GAVIN: Ad-Juster has been typically associated with a single product, but you guys offer much more than that. What do you think publishers don’t understand about you?
PETER: I think a big part of it is that when we first came out with our discrepancy reconciliation solution back in 2009, there was such a desperate need for the product that we’ve really made our name on the success of that particular product. And the association of our brand has been to that. We hope that as we continue to build new products and expand our solution suite that they will have as much success as our initial product that the ecosystem begins to recognize Ad-Juster as a solutions provider with a suite of products that can help publisher operations and organizations.
GAVIN: How have you seen visualization technology improve publisher yield efforts?
PETER: The key is being able to easily and quickly identify trends and patterns amongst your partners. These things are really hard to do when you’re just staring at a spreadsheet.
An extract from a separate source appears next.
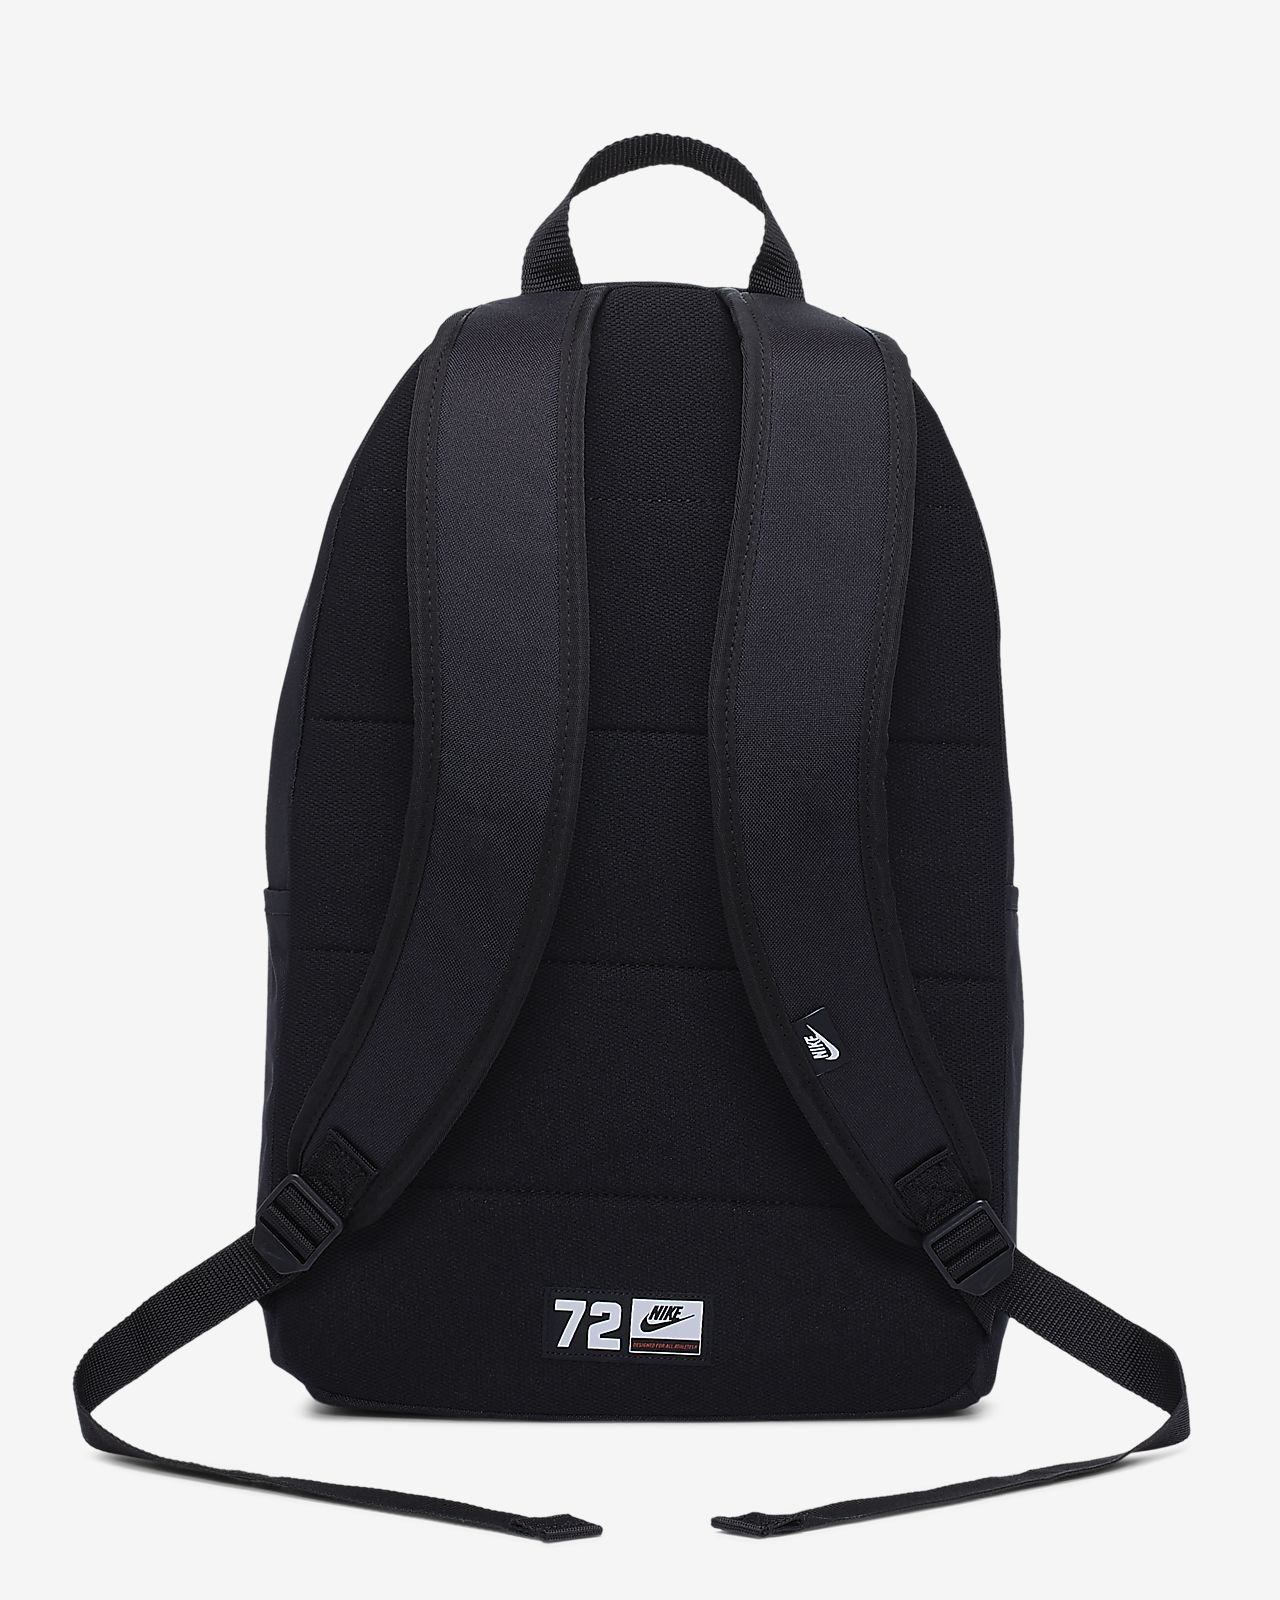 Batoh Nike Elemental LBR

You put the numbers into a graph, and all of a sudden you can see the trends—if partners’ eCPM numbers are slowing down faster than others, if their fill rates are dropping, or how revenue is tracking against other partners. That’s how you start to see where you need to focus, and which partners you need to troubleshoot or even switching out.
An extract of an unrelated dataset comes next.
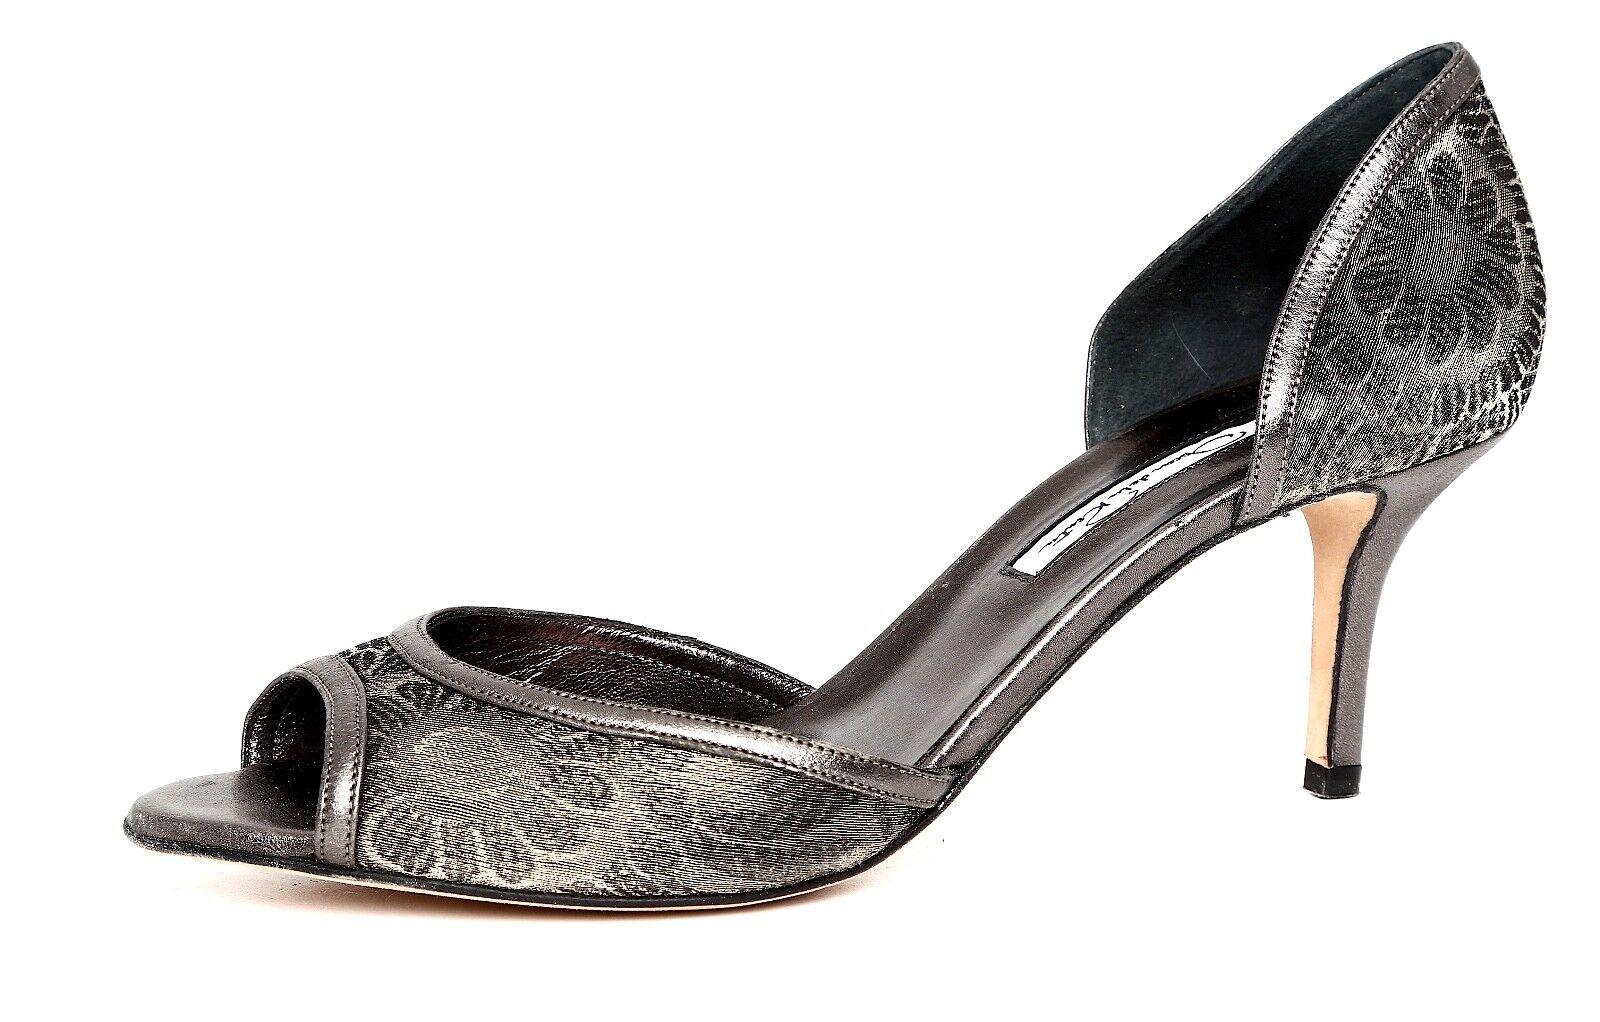 Oscar De La Renta Slip On Leather Pump Metallic femmes Sz 39 1676

GAVIN: So spreadsheets aren’t like The Matrix, where you can see everything in the code?
PETER: If you stare long enough, you might be able to bend a spoon.
But I don’t think spreadsheets are actually the problem. Spreadsheets can help quickly analyze data. The real problem is building those spreadsheets, gathering the information in a meaningful way, and then transforming it into something you can take action on. The goal is not to replace the spreadsheet—it’s a very well-known language. The goal is to cut all the wasted time trying to massage and mold the data into the formats you need to take action on. The right tool set helps get you there faster… much faster.
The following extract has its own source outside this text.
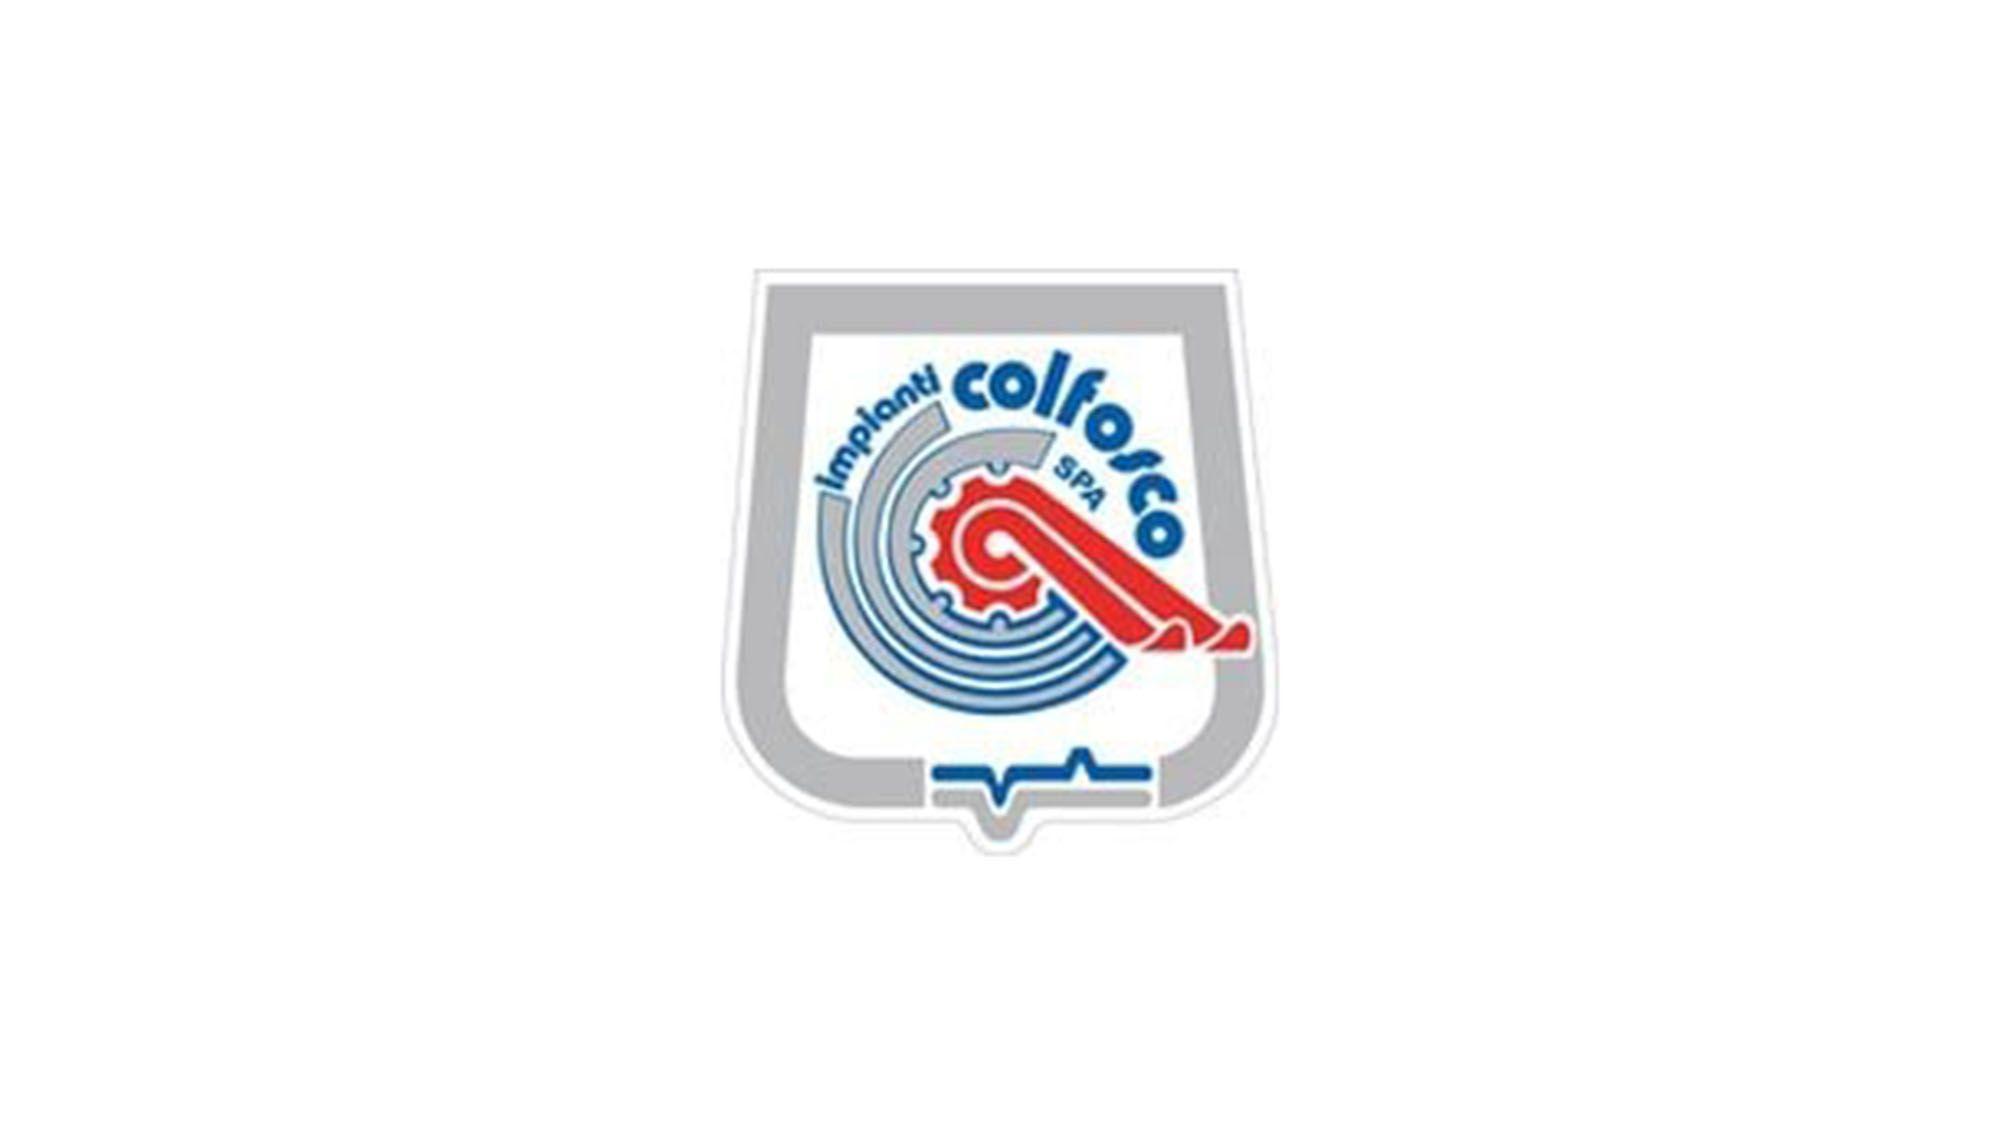 Impianti Colfosco Logo

GAVIN: How else is Ad-Juster addressing publisher difficulties in working with finance and the whole reconciliation process?
PETER: For reconciliation, we have some OMS integrations with CRMs to push third-party billable numbers into. Beyond that, we have an entire support staff to assist operations with the data they’re seeing, and can provide insights and best practices to get through end-of-month billing.
GAVIN: What problem with viewability does Ad-Juster aim to relieve?
PETER: Viewability seems to have the same problems it had back in 2014. There are non-standardized and inconsistent ways for billing for it, from agency to agency. Ad-Juster is able to associate viewability numbers back to the original local creatives, show daily viewability thresholds and snapshots across campaigns, and provide Excel templates where we can embed the billing rules from different agencies.
GAVIN: Your Tag Scan product is pretty well known. Tags are being fingered as a culprit in latency issues and other ad hangups. How is Tag Scan keeping up with these challenges?
PETER: When we first launched Tag Scan, it was right before programmatic really started to get into the stacks of many of our publishers. You could already see the difference in ad request patterns before programmatic and afterwards. These were just passbacks and the waterfall method of doing programmatic.
Now, with header bidding the number of ad requests to deliver a single ad has gone up by an order of magnitude. All of this is measurable and can tell you how much lag has been introduced before you can finally deliver a tag. Using TagScan, publishers can measure a baseline for latency across their different partners and then set it up to monitor on a regular frequency to measure performance throughout time. Keeping an eye on the performance of each of the partners in their header-bidding stack can be useful in determining the real value of that partner in their ad delivery chain.